Below are two highly compressed iOS 6 Panorama images taken from the top of Corona Heights in the middle of San Francisco, one taken starting from downtown and wrapping around to Sutro Tower and the other starting and finishing at the opposite end points (note that you can only capture in one direction, from left to right).

To indicate how much these images been shrunk down to fit on this page, here's an 800 pixel slice of the top image as outlined by the white box, showing the level of detail in the original 10,800x2332 Panorama.

Panorama mode works to smooth out exposure differences, and it works much better than trying to take individual captures and manually edit them together later. If your subject has very bright and very dark subjects, however, you might need to set the AutoFocus/AutoExposure lock by touching and holding at a particular location along your capture path before you begin taking the Panorama.

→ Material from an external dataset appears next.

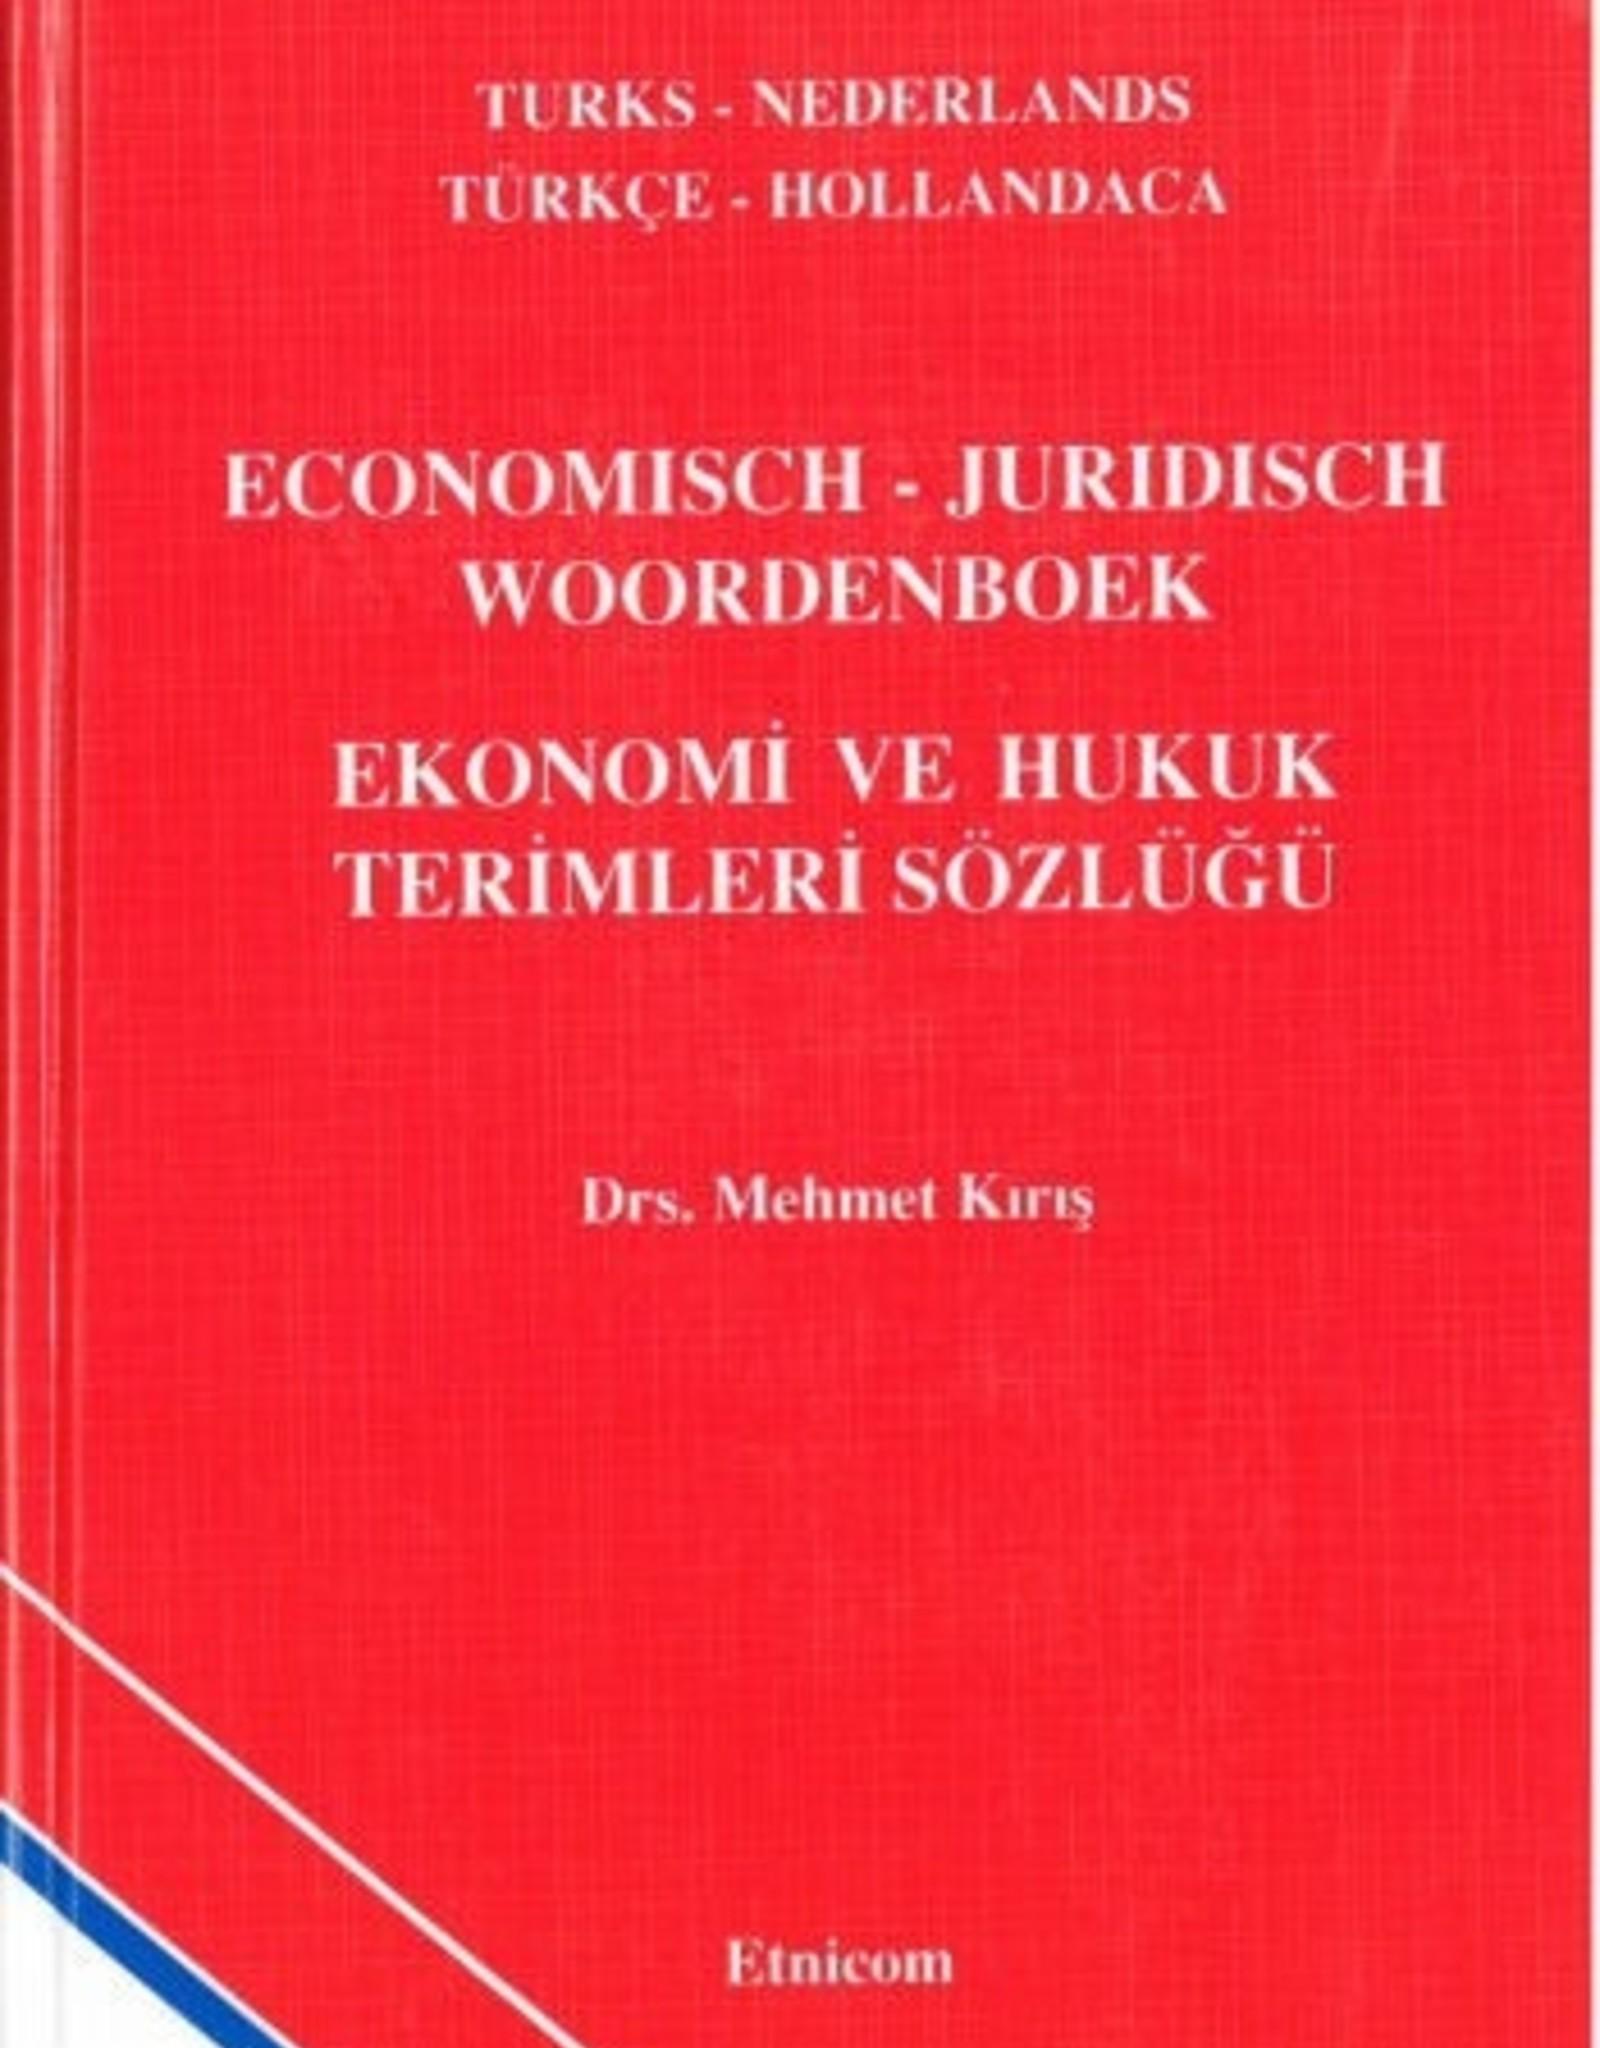 Economisch - Juridisch Woordenboek Turks - Nederlands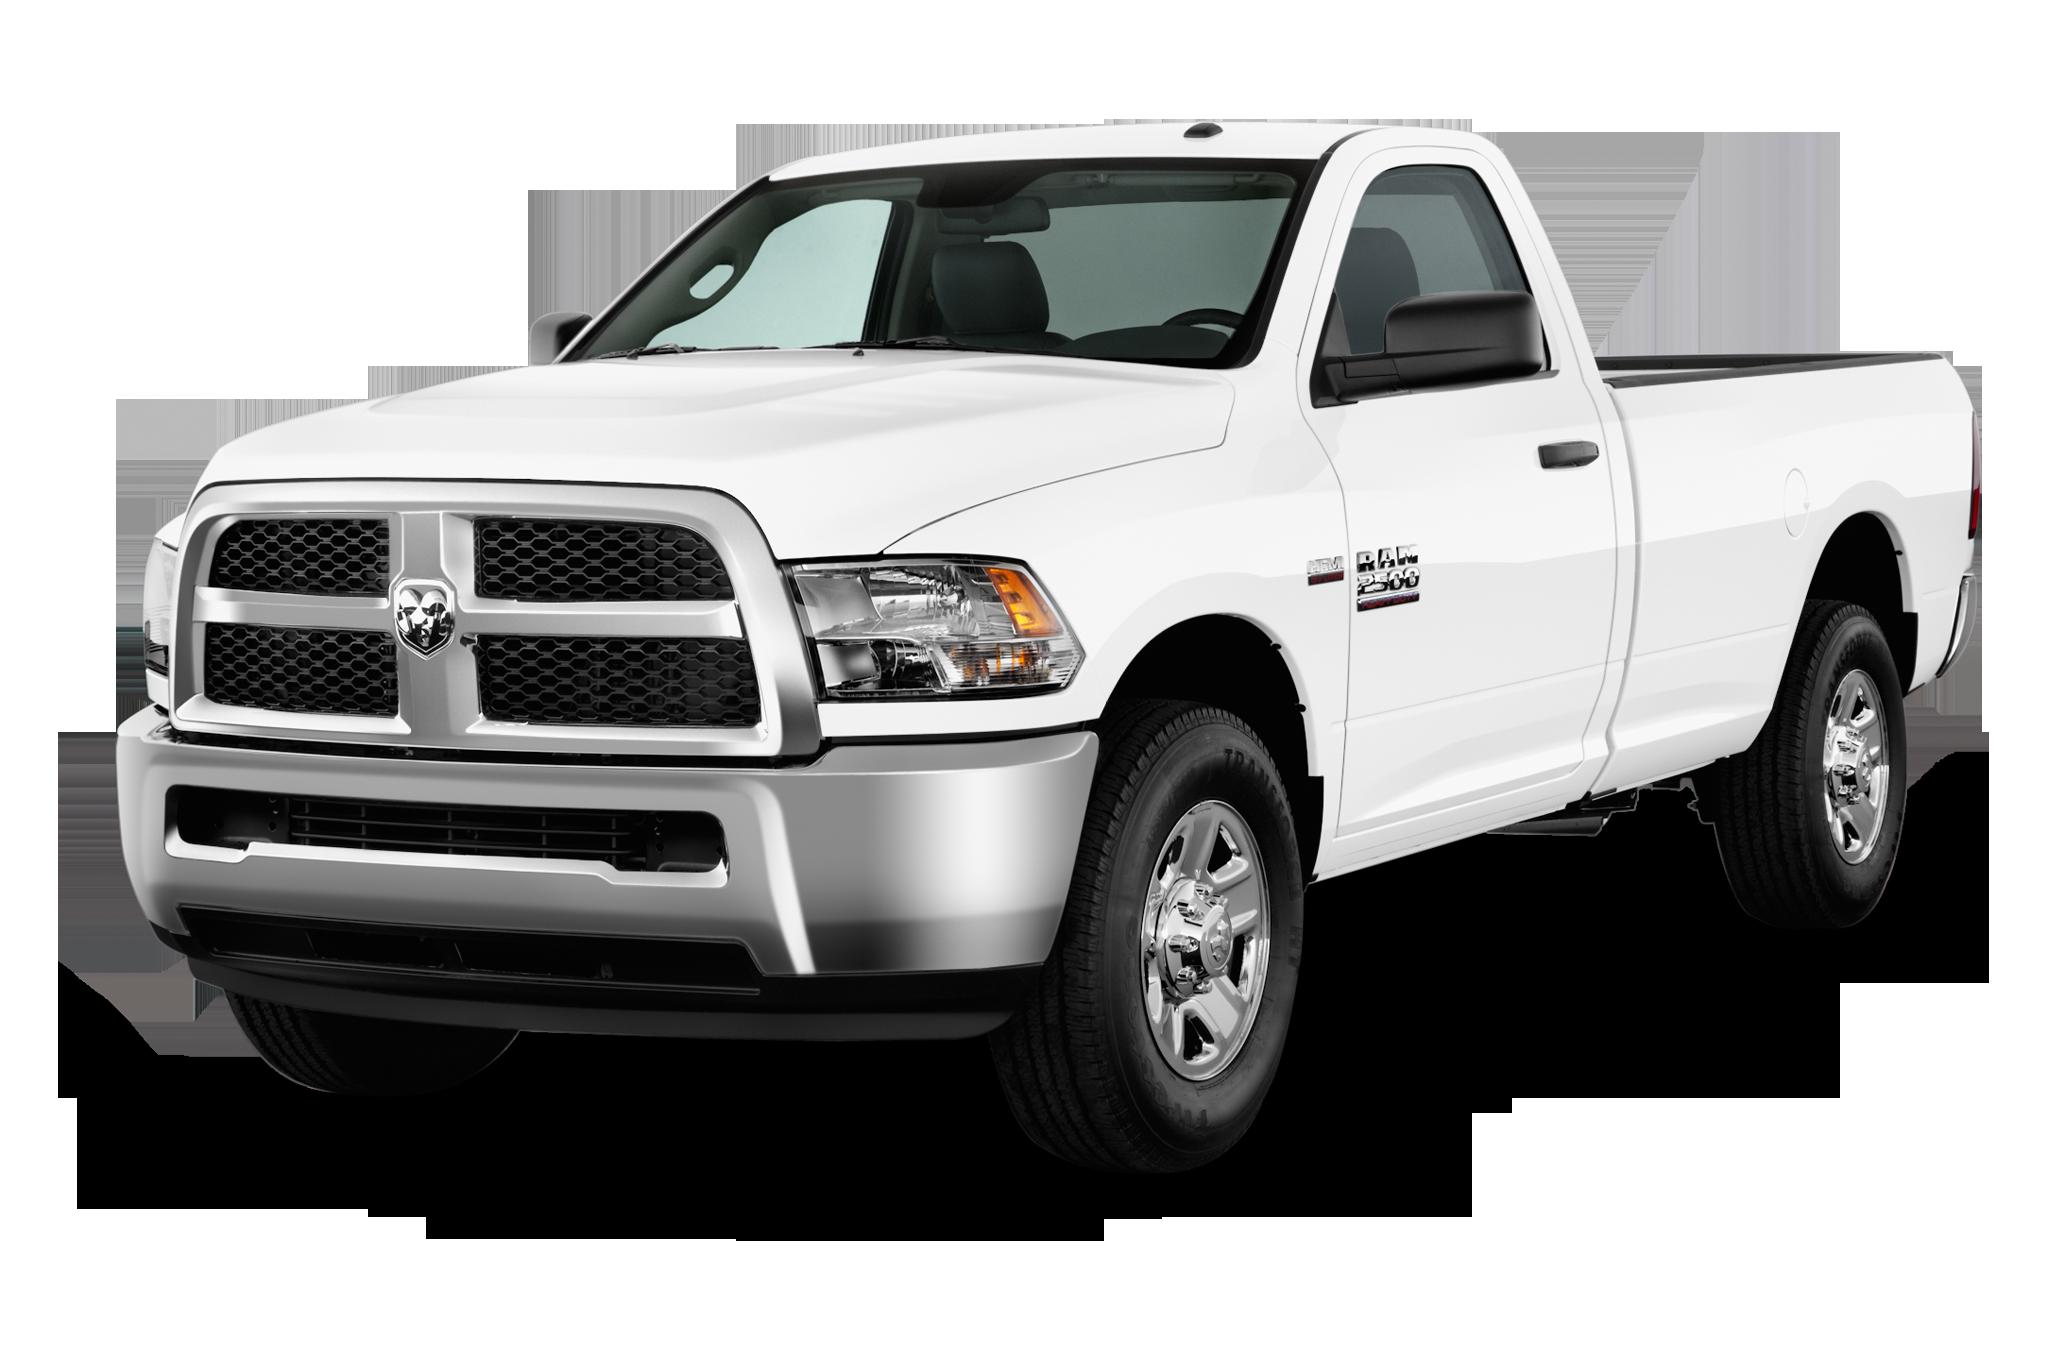 2015 Aev Prospector Ram 2500 Power Wagon Review Dodge Dakota Fuel Filter 2 73

Both the shots above were taken while standing on a rough outcropping of rock, buffeted by a very ridiculous wind. Even in such conditions, there are rarely any discernible seams or overlapping flaws unless your subject is moving quickly.

If you're really sloppy handed when capturing, you might see black spaces encroaching your pano from the top and bottom, as is visible below, or other motion-based glitches similar to the artifacts that can appear when capturing HDR shots. (Note that these images are scaled down and highly compressed from 16.8MB down to about 61K to fit on the page.)